Task to carry out |
Leaving out all pictures, return exactly the lines from the one that contains "Reef, Lagoon, Snorkelling, Diving" through the end of the data below.

--- Provided material Enclosed Below ---

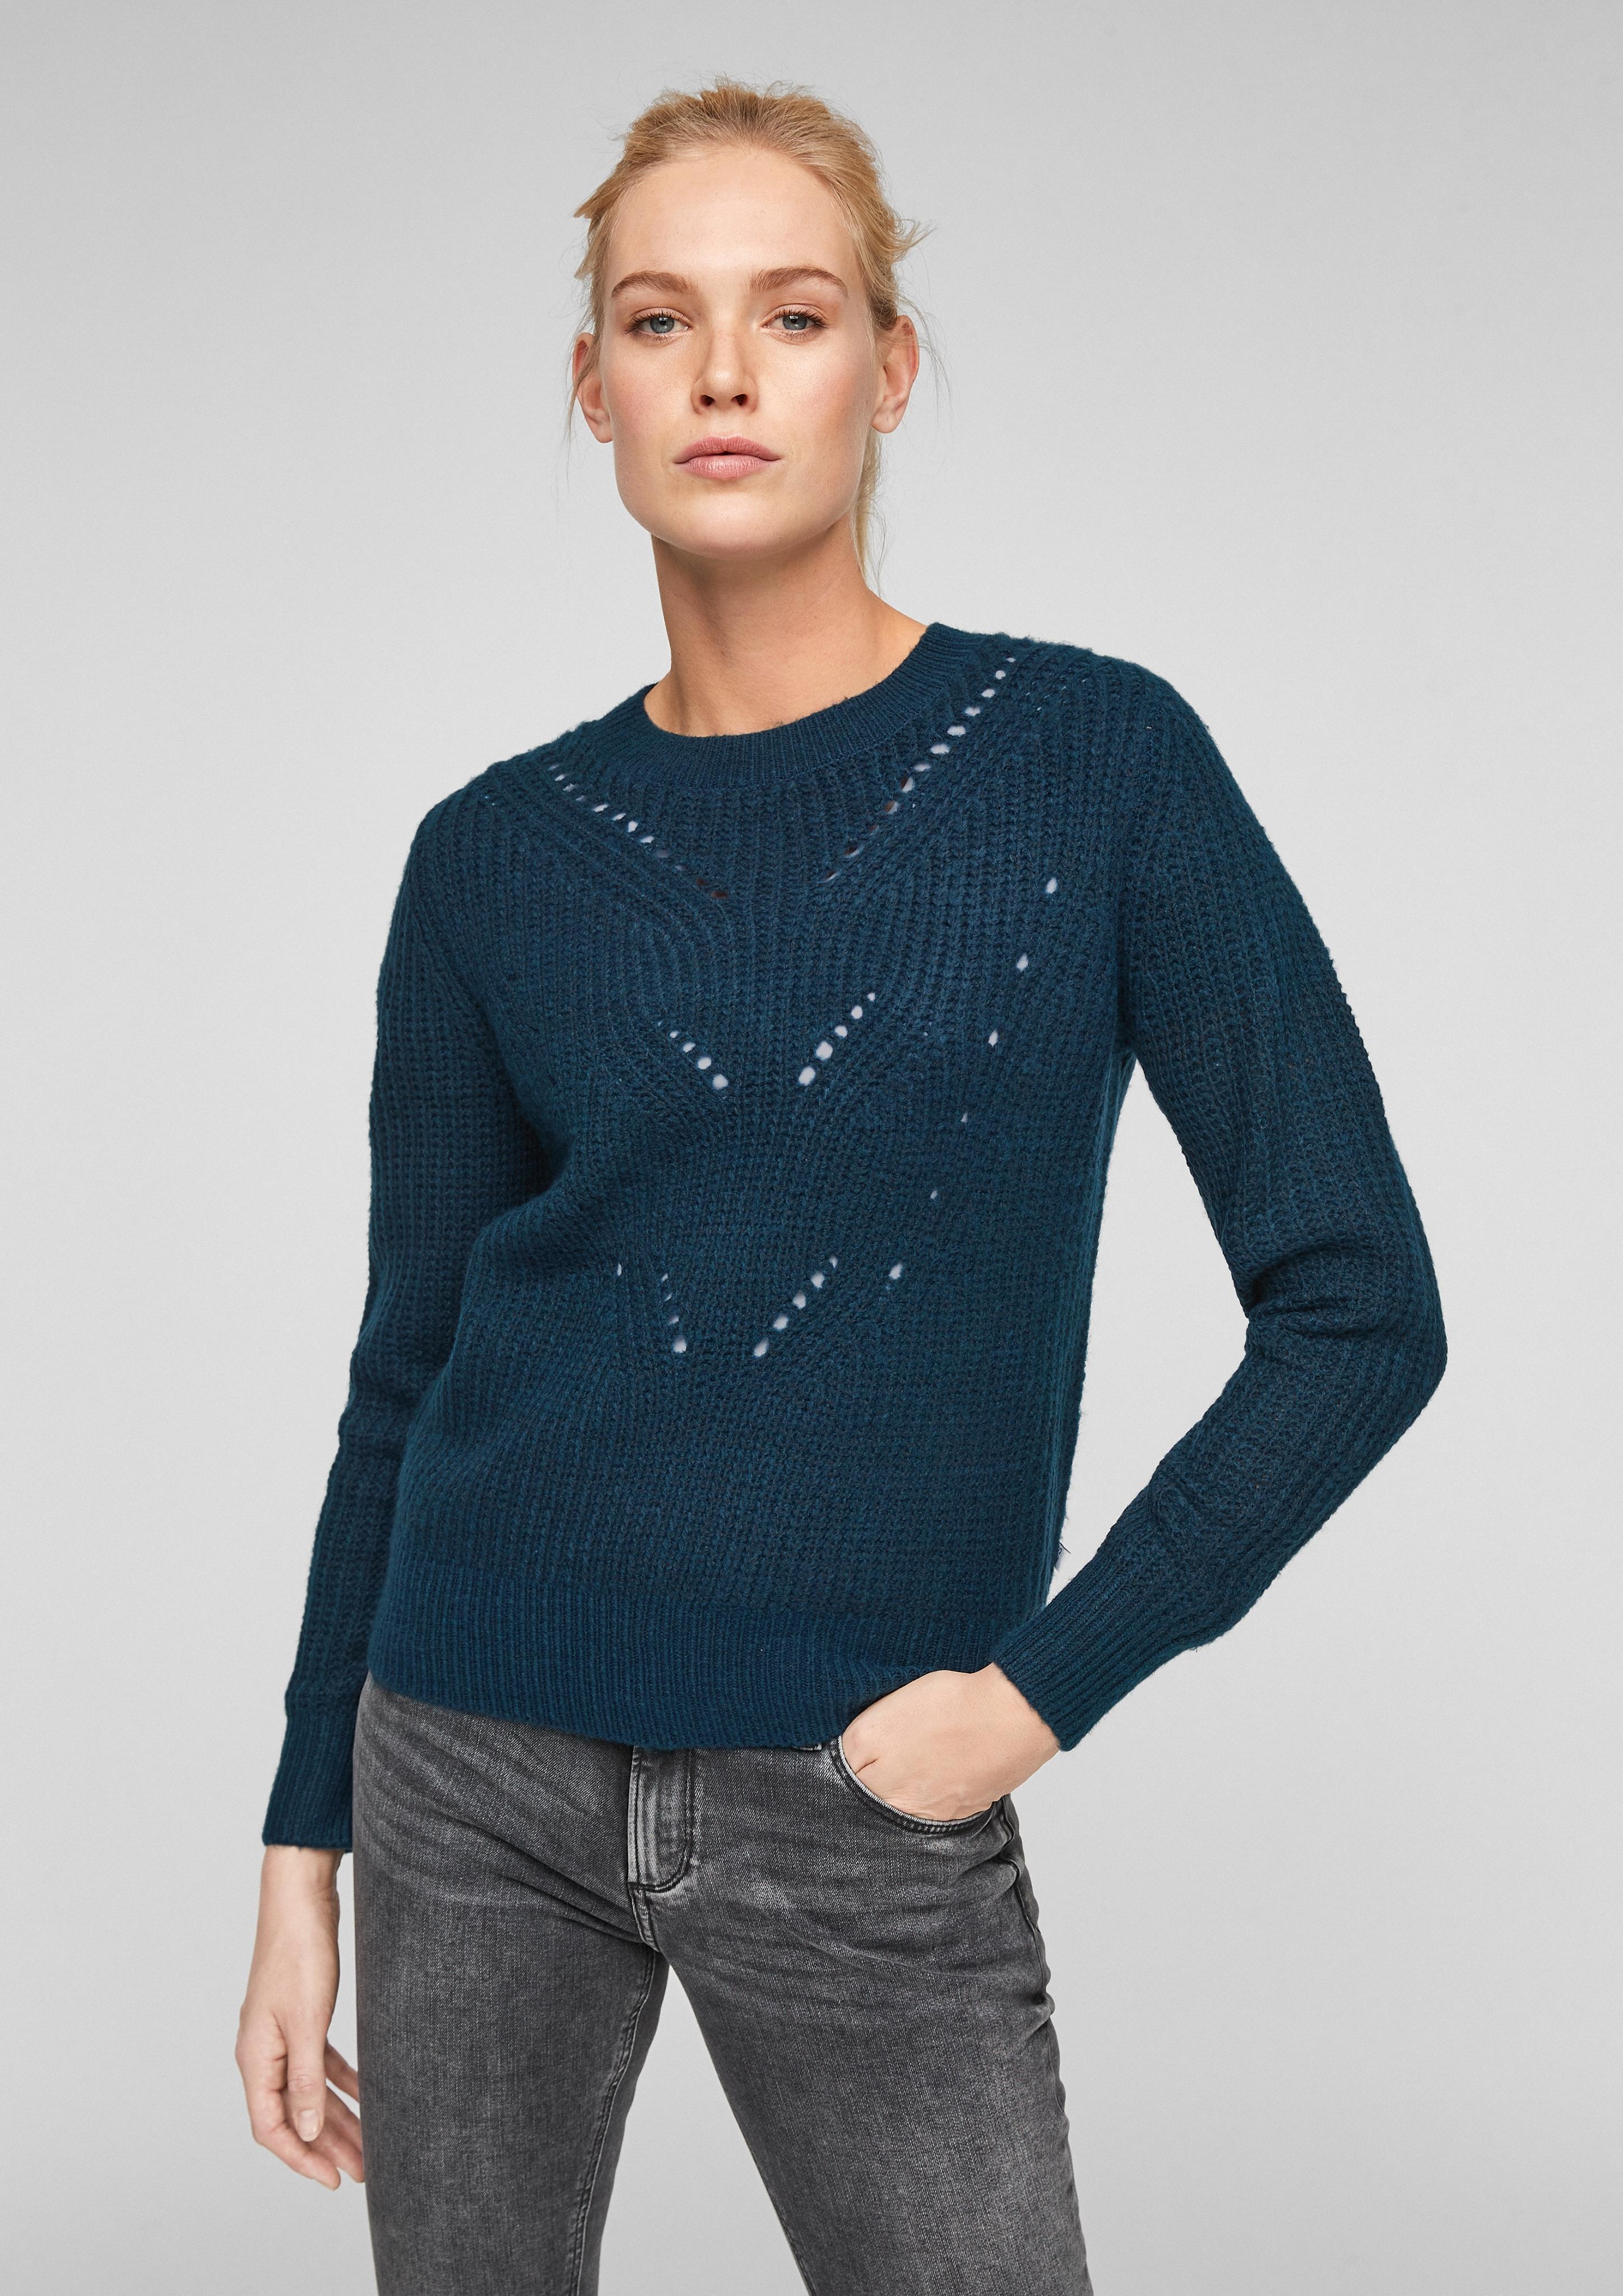 Indexbild 13 - Q-S-designed-by-Women-Softer-Strickpulli-mit-Ajourmuster-Neu
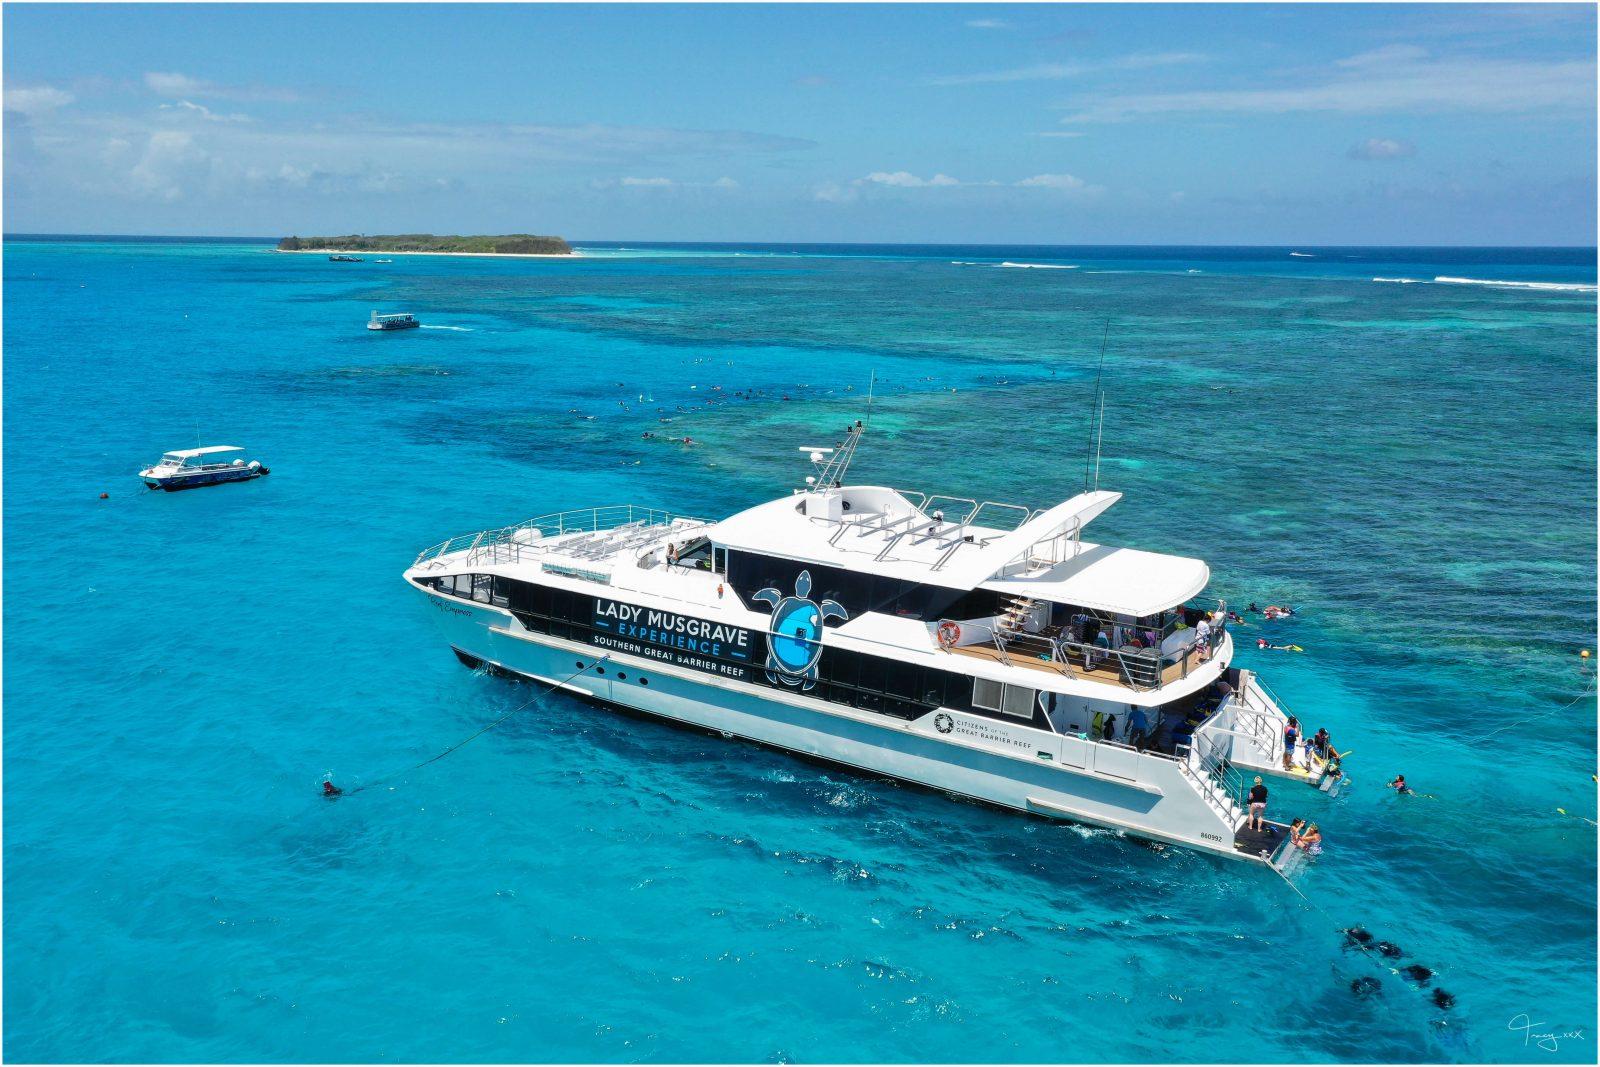 Reef, Lagoon, Snorkelling, Diving
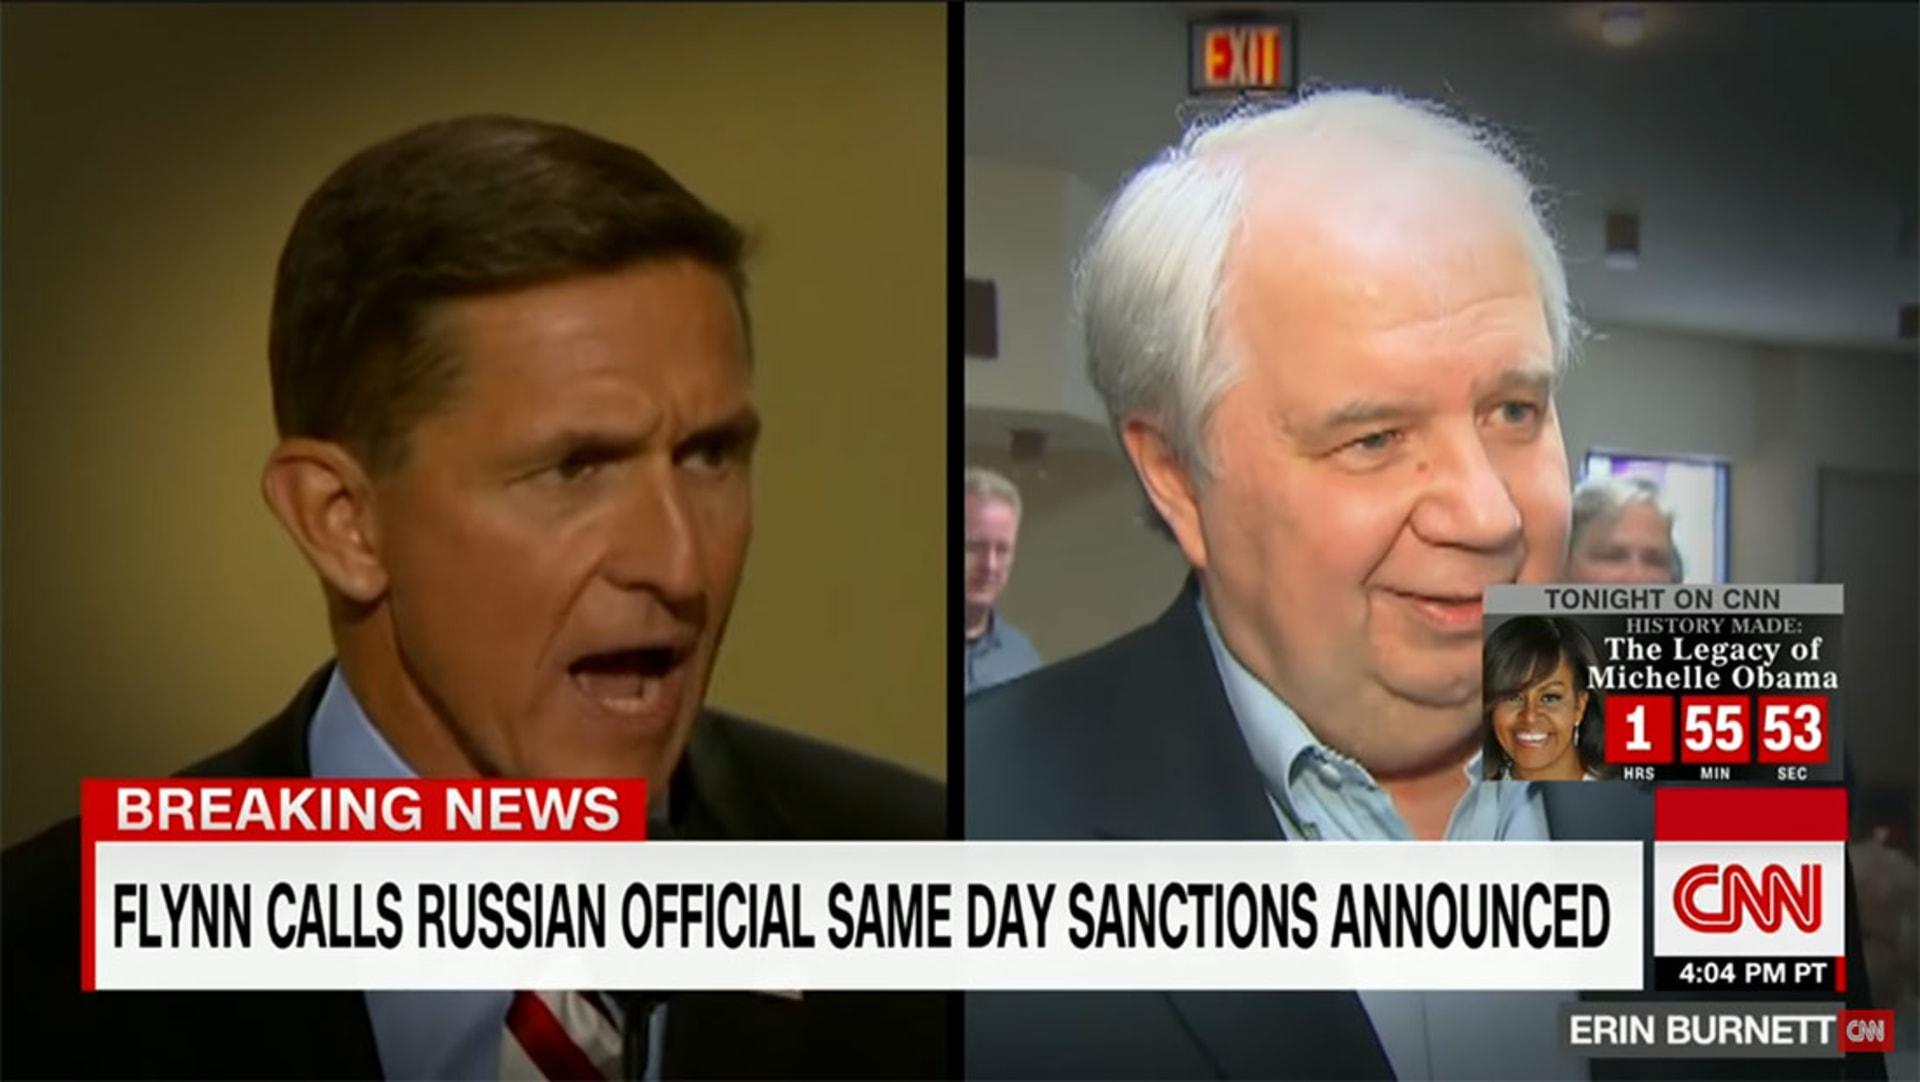 جدل مكالمة مستشار ترامب وسفير روسيا.. محللة لـCNN: متوقع وخصوصا بملفات كسوريا

--- End of Enclosed Provided material ---

Result of the task |
 Reef, Lagoon, Snorkelling, Diving
 جدل مكالمة مستشار ترامب وسفير روسيا.. محللة لـCNN: متوقع وخصوصا بملفات كسوريا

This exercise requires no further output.